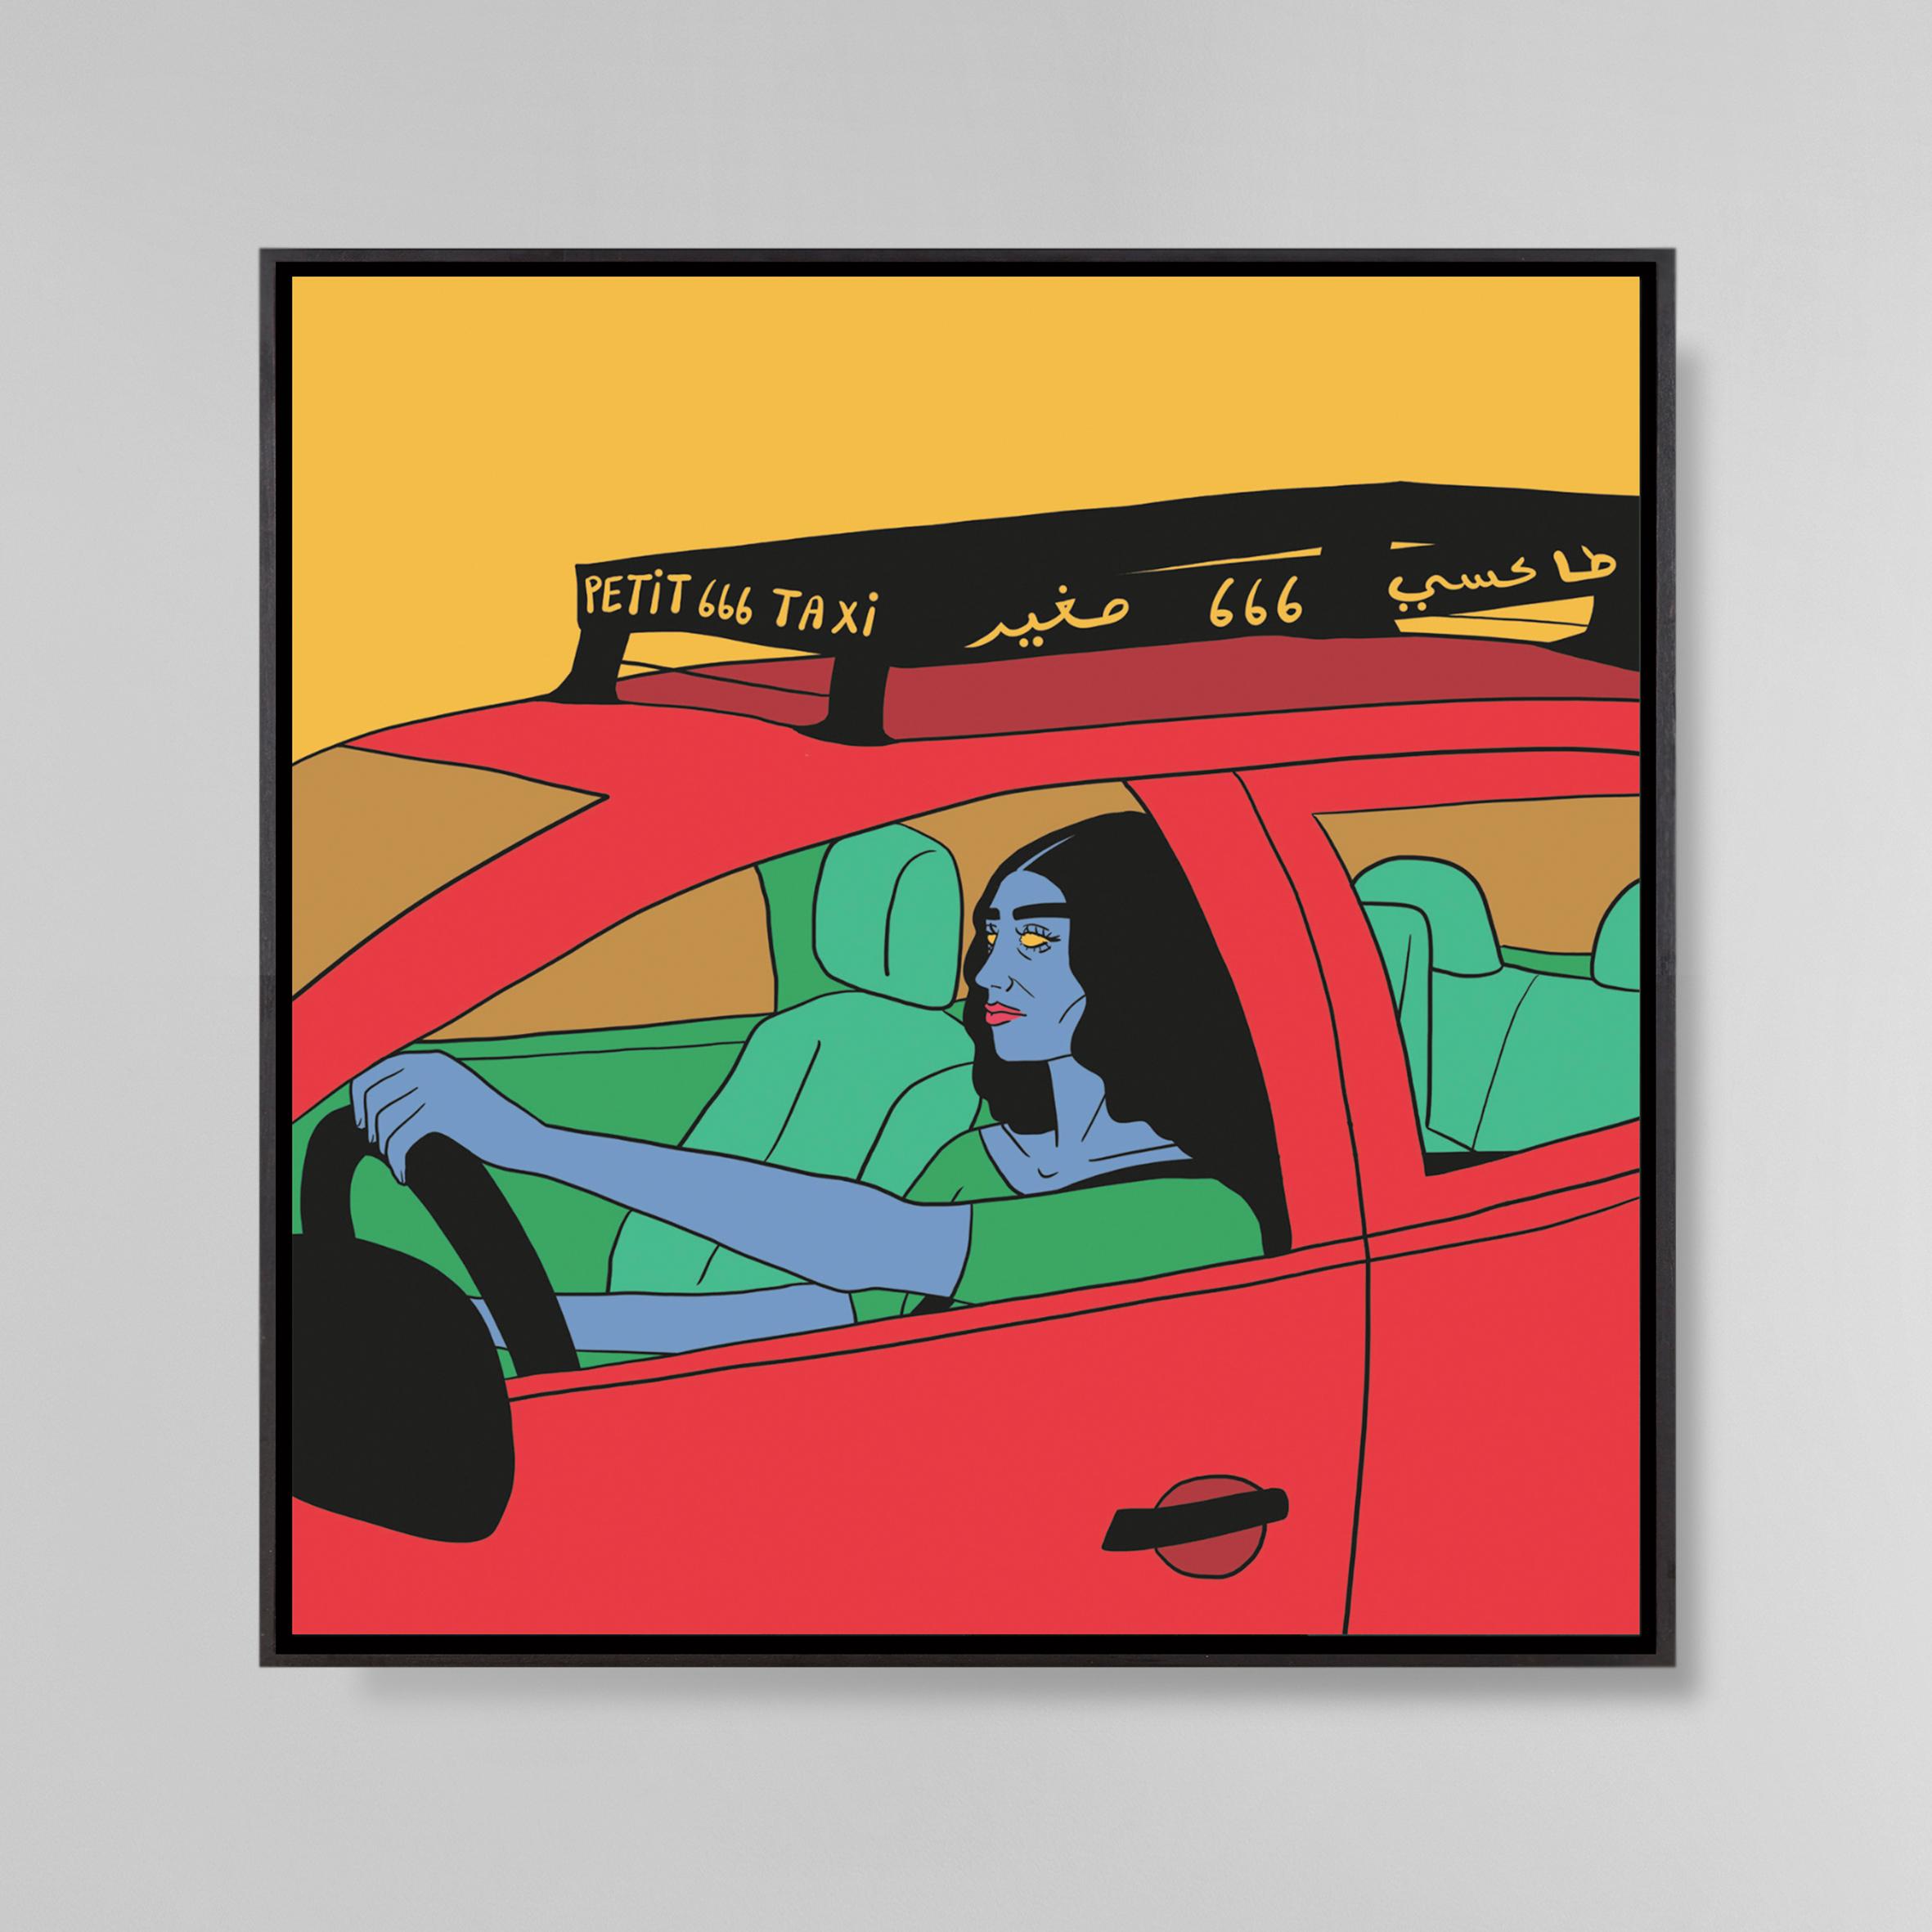 Femme et son taxi
Dessin digital sur toile
100 x 100 cm

□ □ □ □ □ □ □

# REQUIREMENT
Every line above is to be written out unchanged, with the pictures omitted.

# EXERCISE RESPONSE
 Femme et son taxi
Dessin digital sur toile
100 x 100 cm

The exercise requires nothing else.